During the February meeting, Angel said the association will have a budget of $16,000 to $20,000 for the campaign. Advertisements will cover a 70-mile radius and reach out to families with a decision maker 30 to 60 years old, she said.

The MBA has no monthly costs for Reed, Angel said: " It is a cost as we determine what we can afford and what we want to do."

Angel said the committee has picked apart everything they have looked at so far. "We have asked what is the cost, what is the distribution and what is the benefit for the entire association?"

Reed has set up radio ads with three stations, two in Lexington and one in Louisville, to promote Midway from 6 to 9 a.m. and 5 to 7 p.m., said Angel. "We are trying to monitor the costs under a microscope this year to make sure we are spending our dollars wisely," she said.

The advertising committee has more work to do. Eli Mertens of TravelHost Magazine and Hannah Smith of A Look At were in attendance, pitching their ideas for ads the committee may consider.
These publications would be placed in hotels and motels around the Bluegrass. TravelHost is a magazine released six times each year. A Look At is a hard-cover book placed in each room at specific hotels and published once a year. The MBA has used TravelHost in the past, but A Look At would be a new venture.

The MBA has already agreed to be a part of the Kentucky Horse Park Magazine for the spring and fall of this year, said Angel. The magazine will be printed before the Keeneland meet in April.
Part of the budget will go toward advertising for the Midway Fall Festival, which is the association's main money-maker.

Elisha Riddle, creator of the Meet Me In Midway Facebook page and owner and operator of Charismatic Media, said she has been working on drawing more people to the page.

Riddle uses $25 of her $125 monthly fee for promoting the page to targeted audiences on Facebook.
"The first month I put the dollars towards promoting the Chocolate Stroll and I think it had a mediocre effect, to be honest," said Riddle. "The second month I put the dollars towards an ad to get people to like the Meet Me In Midway page and I think there was a very positive response from that."

As of Feb. 7 the page had 80 likes. Less than a month later, on March 3, the page had 210 likes.

Vandegrift said the city’s Meet Me In Midway website, which is still not connected to the same-named Facebook page, has been updated and is receiving a facelift. He said the goal is for the site to work better on mobile devices.

"The analysis shows that every year less people are using our website on laptops and more on phones and tablets," said Vandegrift.

The Francisco's Farm Art Festival sent out 108 invitations to artists on March 1. Twenty had been accepted as of the next morning, said Kenny Smith, President of MBA and the festival’s artist coordinator.

"We should have a good turnout of artists this year, more so than last year," said Smith.
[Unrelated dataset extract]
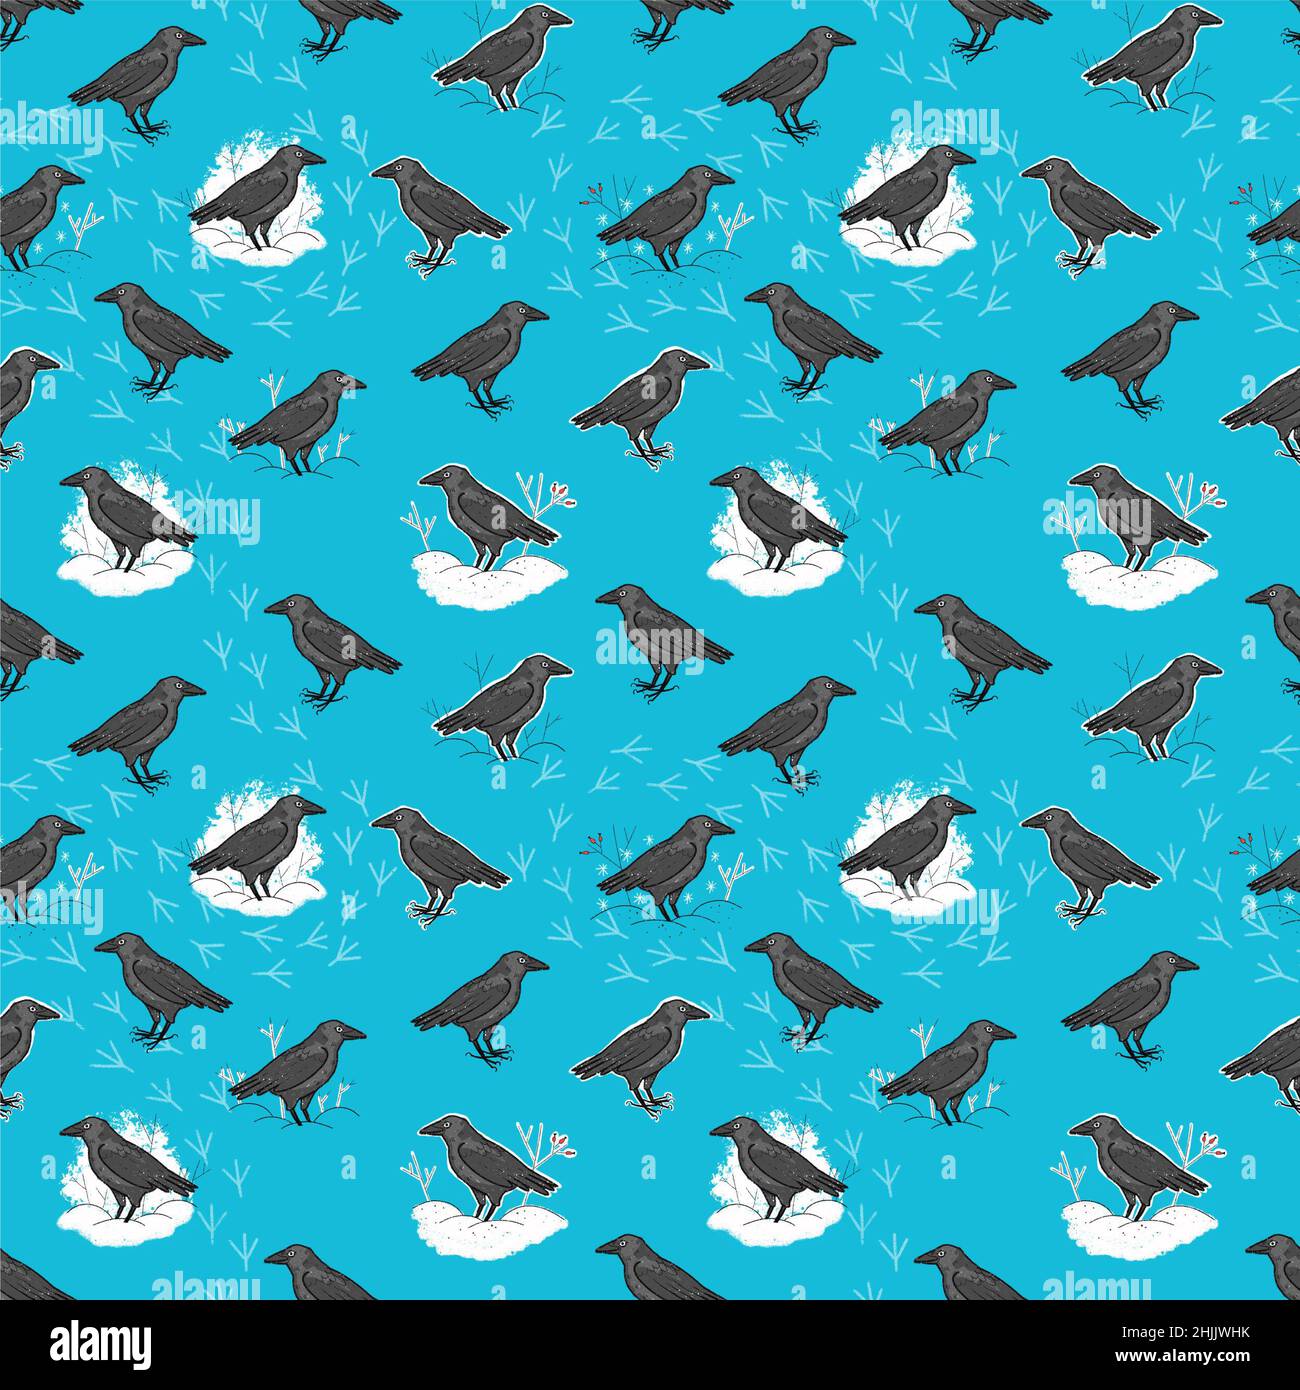 Seamless Pattern with cute crows or ravens in winter. Stock Photo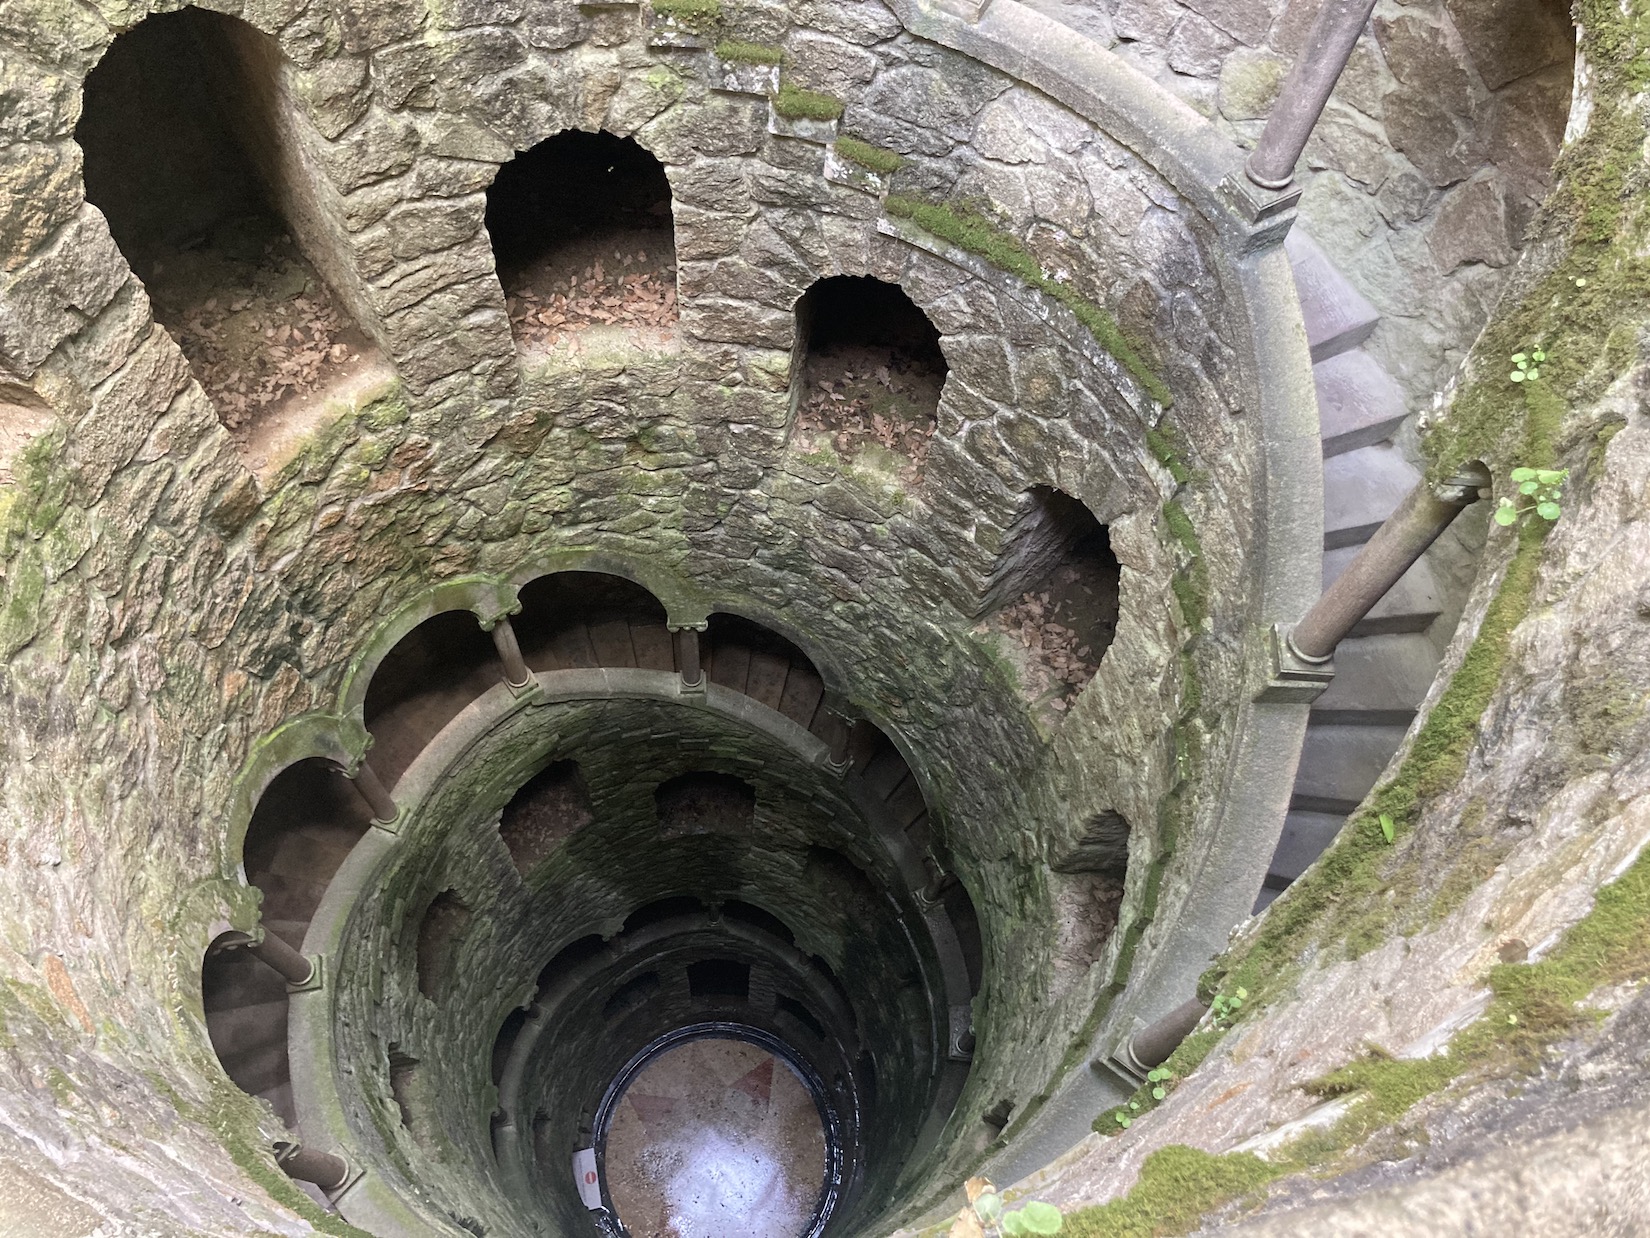 initiation well

The Versailles-Woodford County Chamber of Commerce will be holding a ribbon cutting on March 11 for Cherokee & Co, which opened recently on Main Street, reported Don Vizi, executive director of the chamber.

Vizi said the chamber has been working with a Midway University intern, Sadie Boschert, to help find grants to bring bathrooms to downtown.

On Saturday, March 12, there will be a forum for the Hike Bike Waterways Horseback Riding Trail Alliance at KCTCS in Versailles from 8:30 a.m. to 2 p.m. to display and brainstorm proposed trails.

The MBA meets the first Wednesday of each month at 9 a.m. upstairs in City Hall. The next meeting will start with a short brainstorming session on potential fundraising ideas.